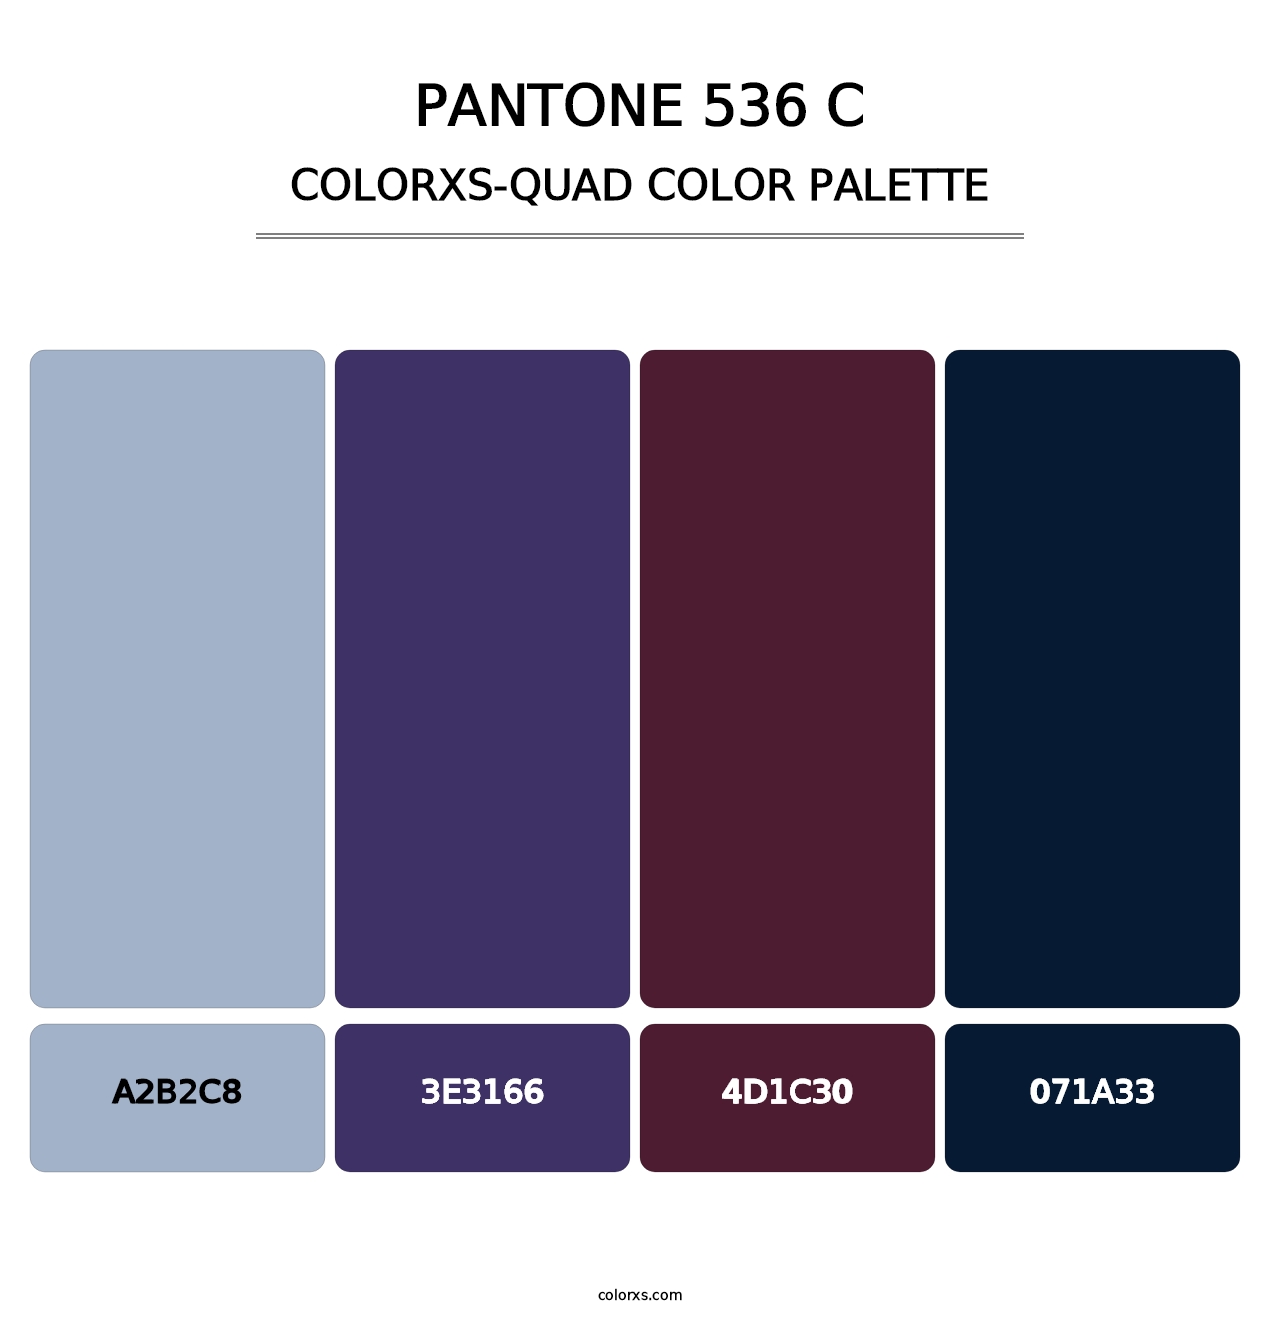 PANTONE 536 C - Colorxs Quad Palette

...

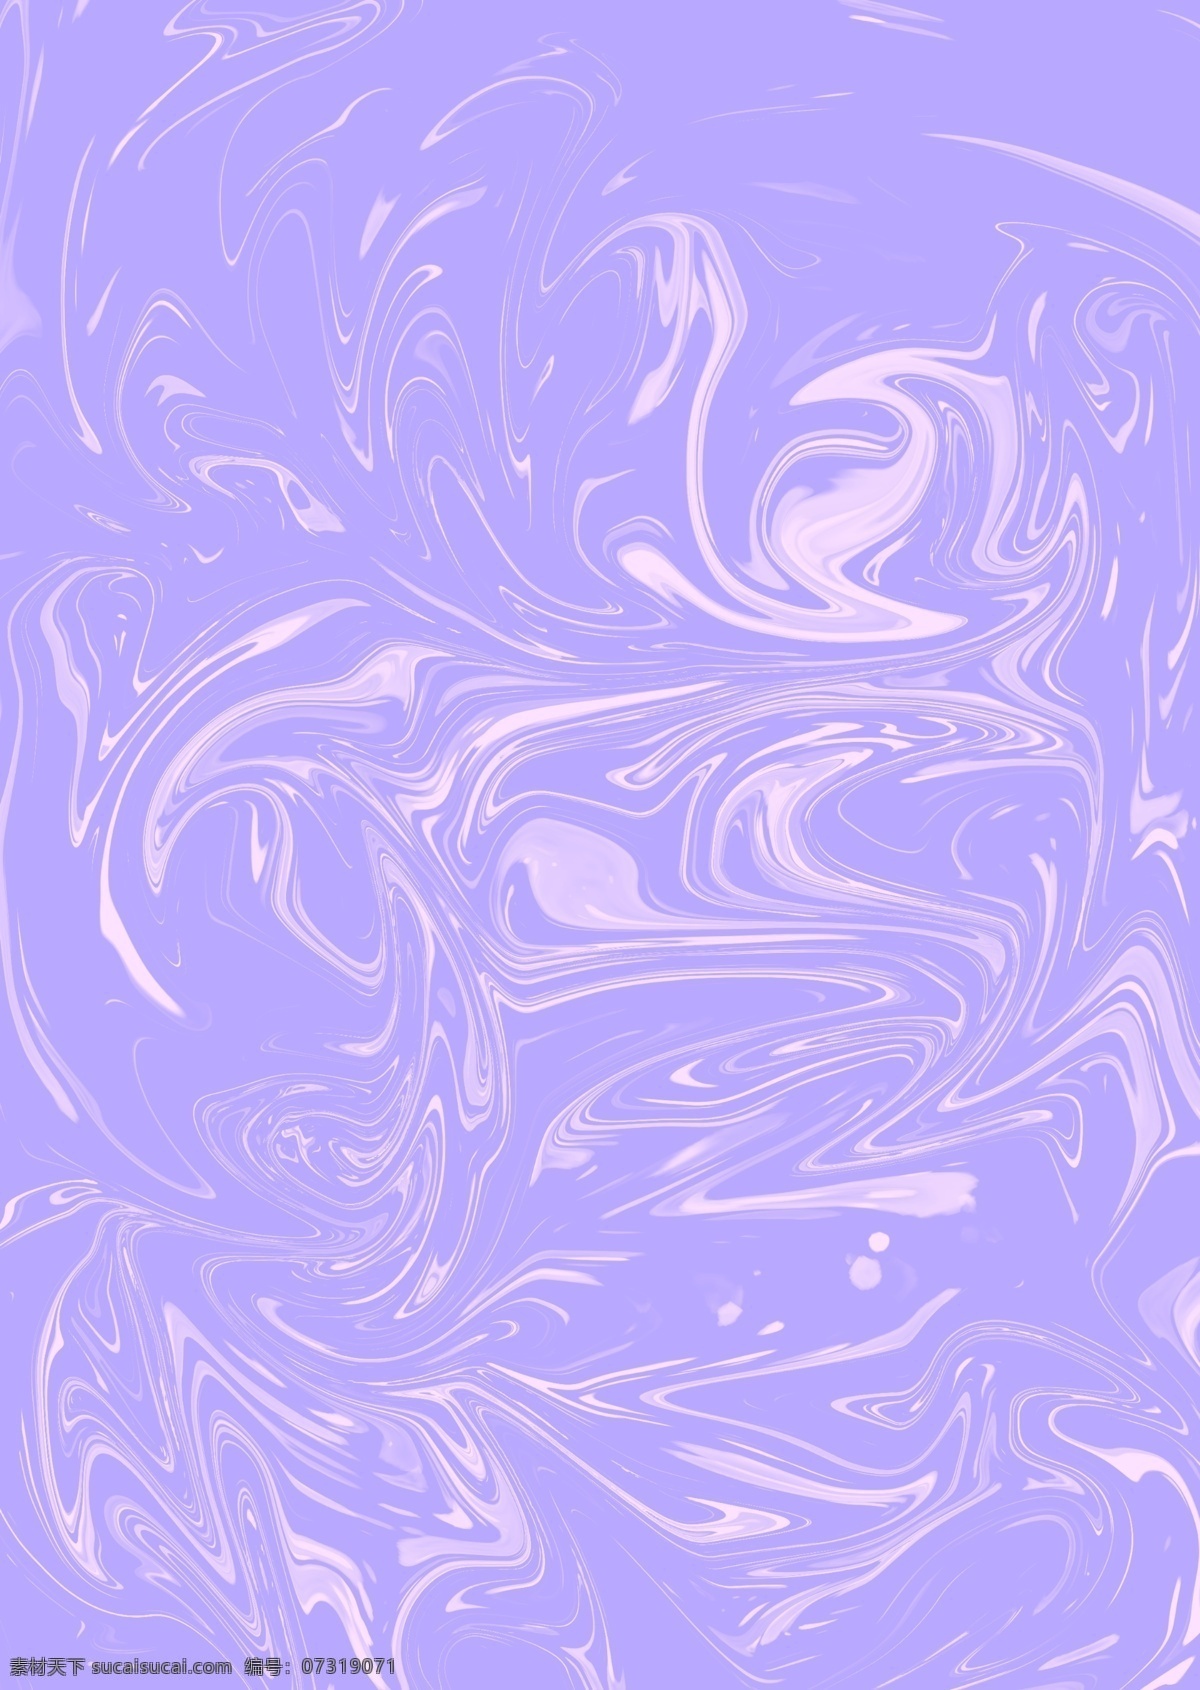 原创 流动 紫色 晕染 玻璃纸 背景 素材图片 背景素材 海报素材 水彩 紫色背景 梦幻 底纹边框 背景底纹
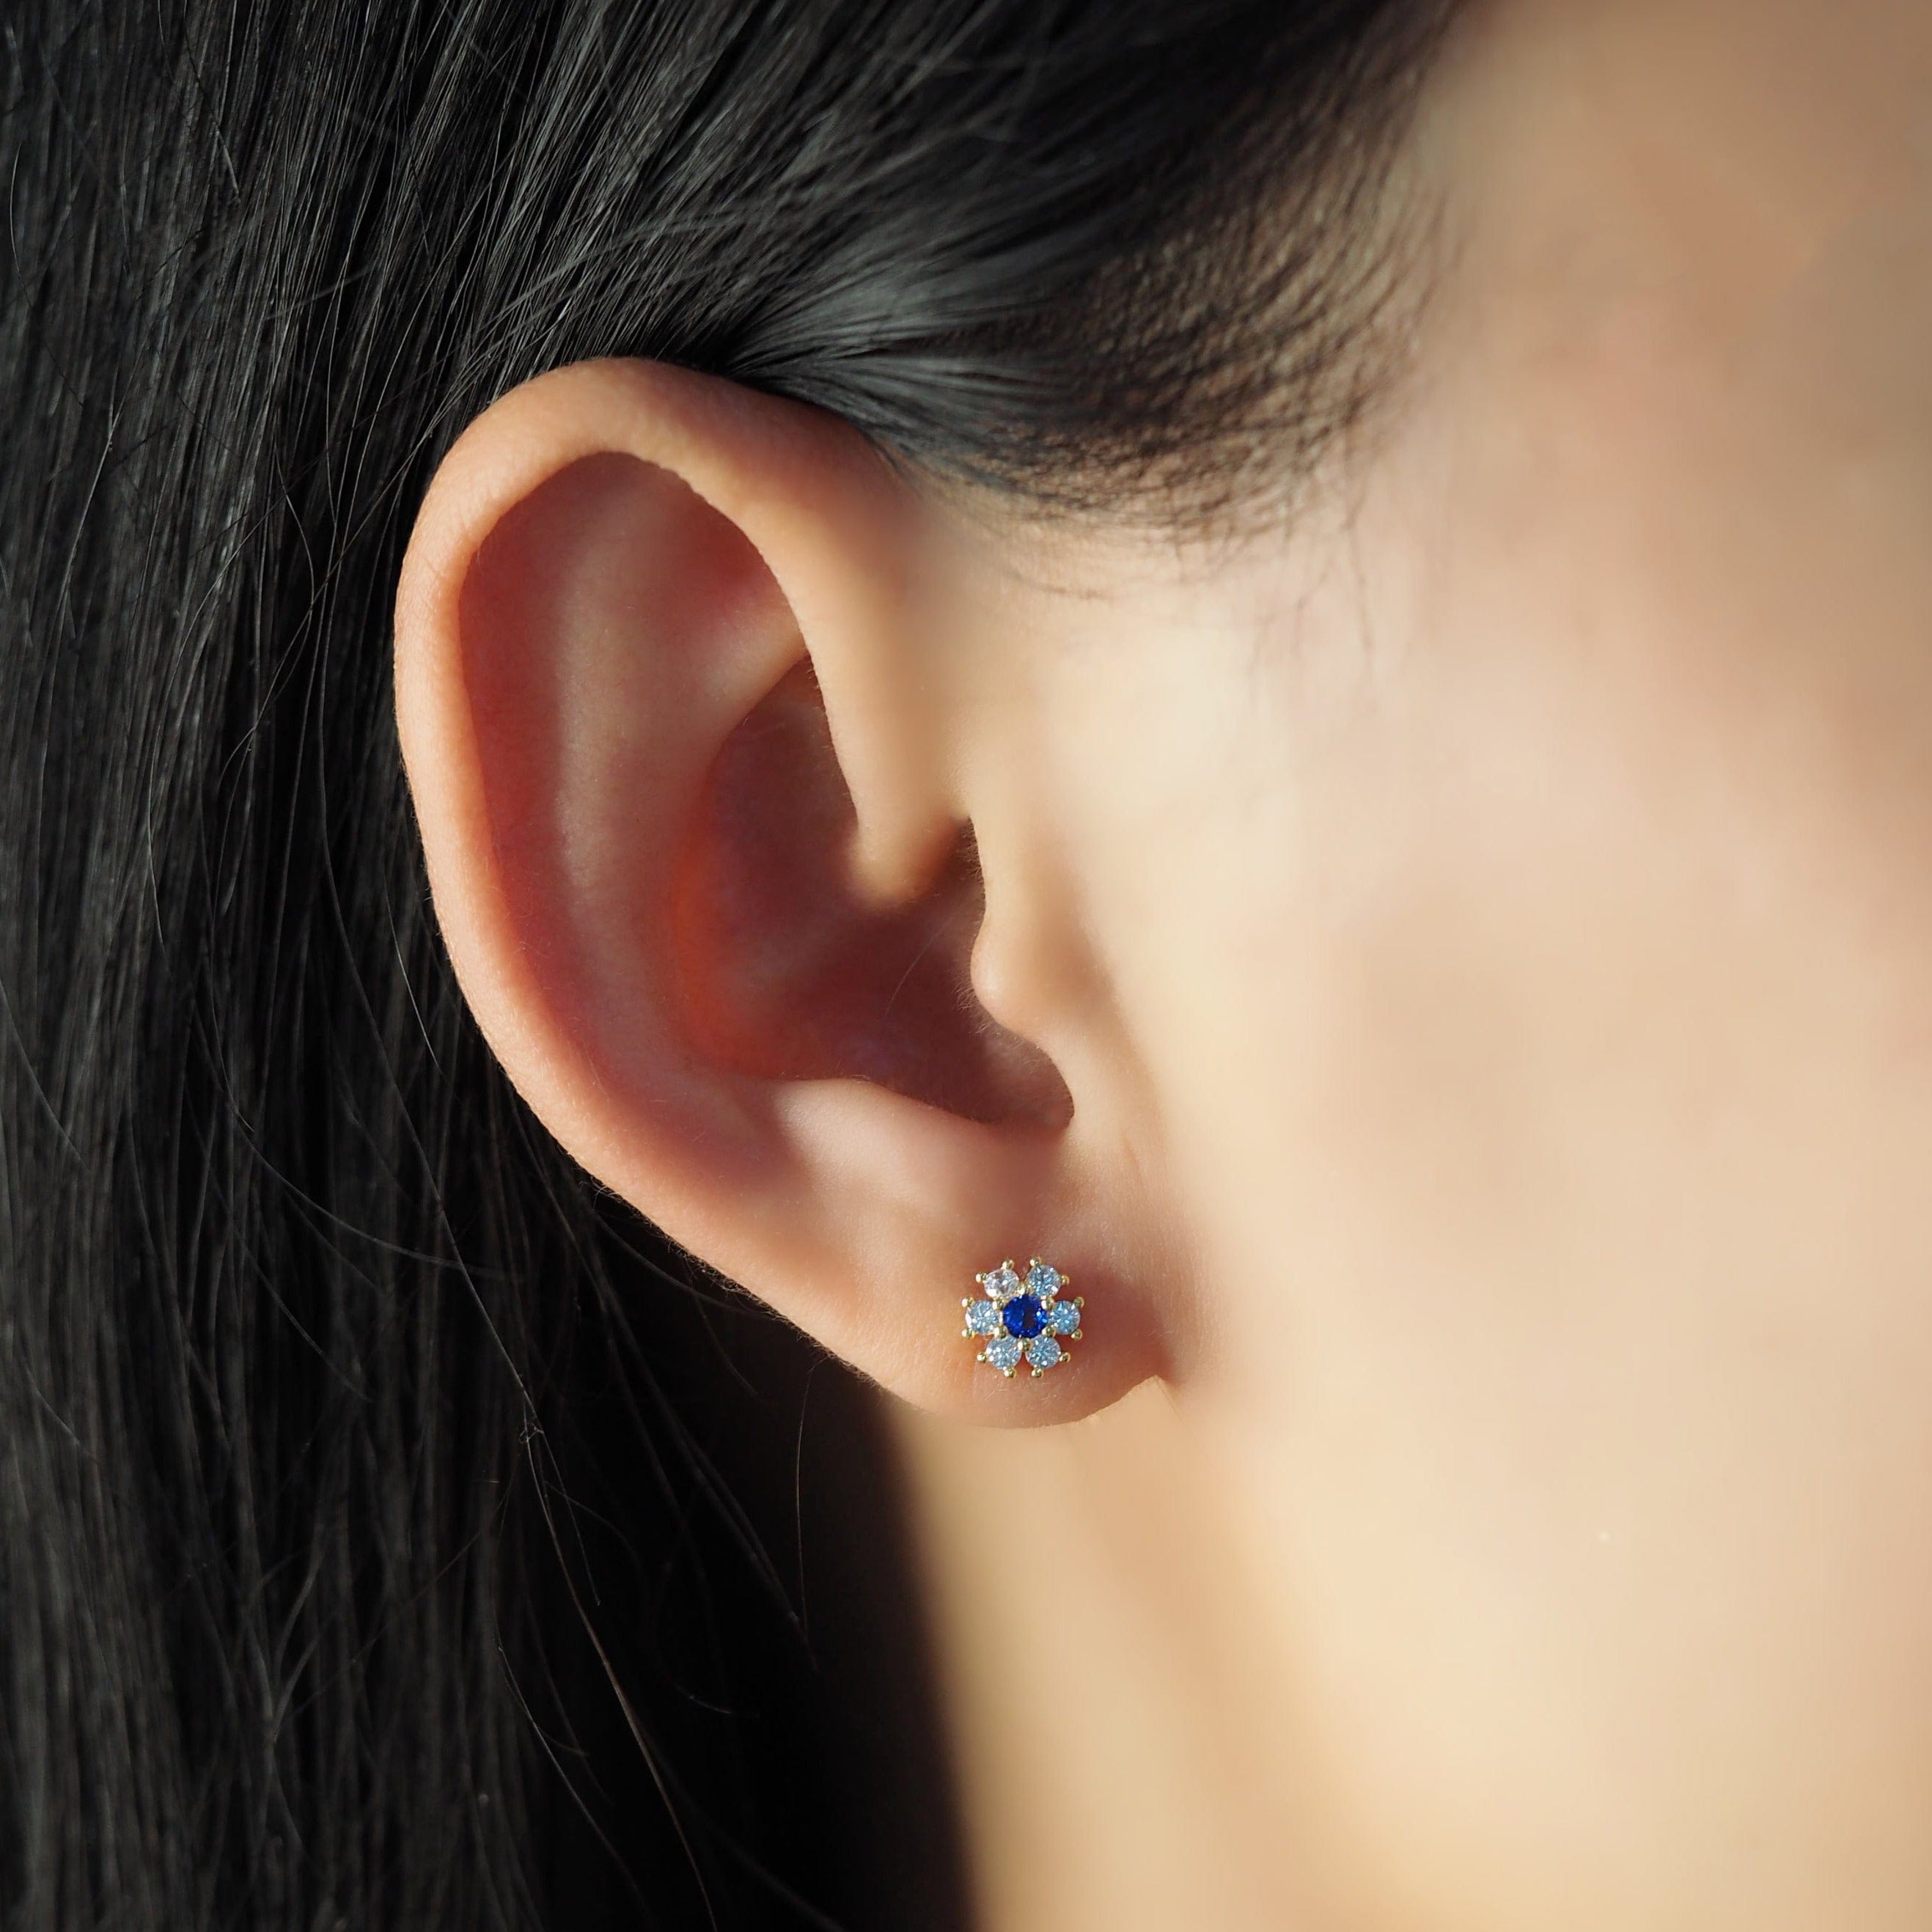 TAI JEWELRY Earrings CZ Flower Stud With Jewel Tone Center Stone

---

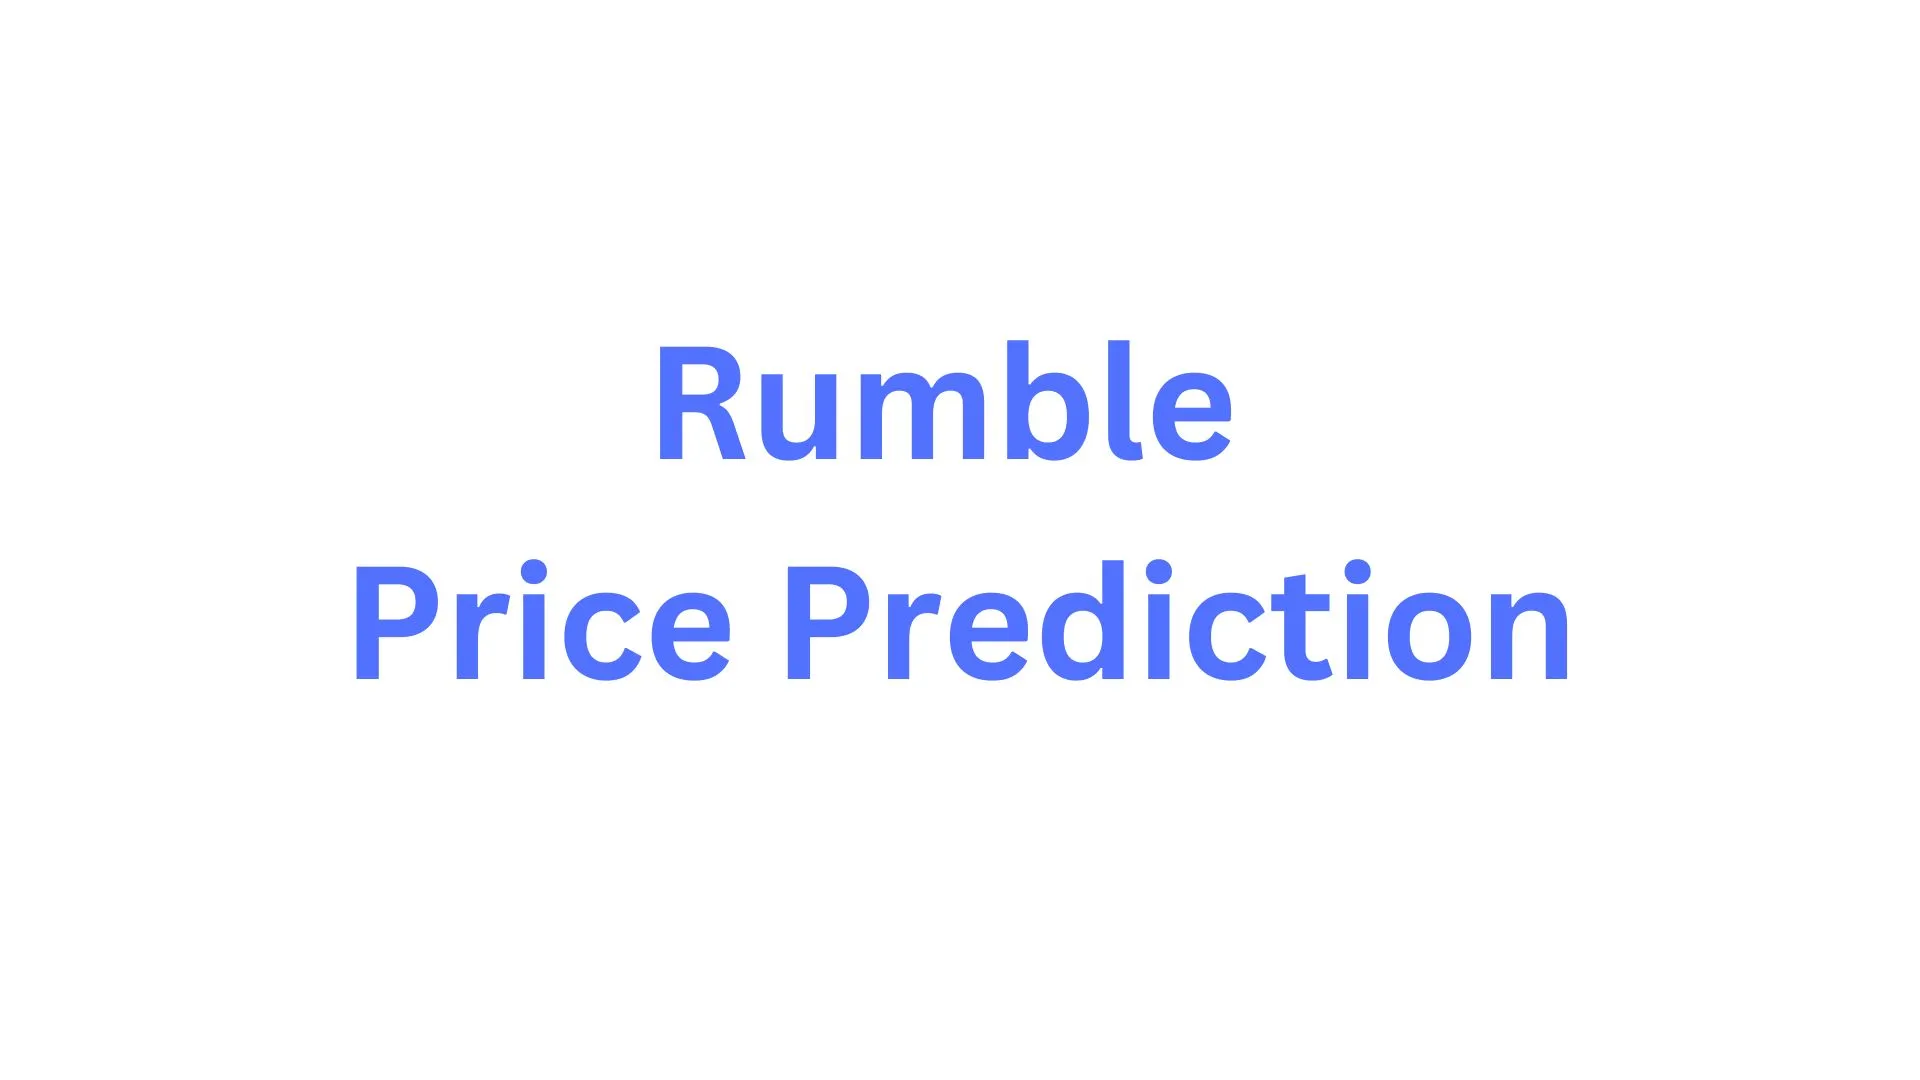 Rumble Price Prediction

WORK ITEM: For the material above, give again only the lines starting at the line that contains "原创 流动 紫色 晕染" and ending at the line that contains "TAI JEWELRY Earrings". Pictures do not belong in the copy.

RESULT FOR THIS EXERCISE:
 原创 流动 紫色 晕染 玻璃纸 背景 素材图片 背景素材 海报素材 水彩 紫色背景 梦幻 底纹边框 背景底纹
 TAI JEWELRY Earrings CZ Flower Stud With Jewel Tone Center Stone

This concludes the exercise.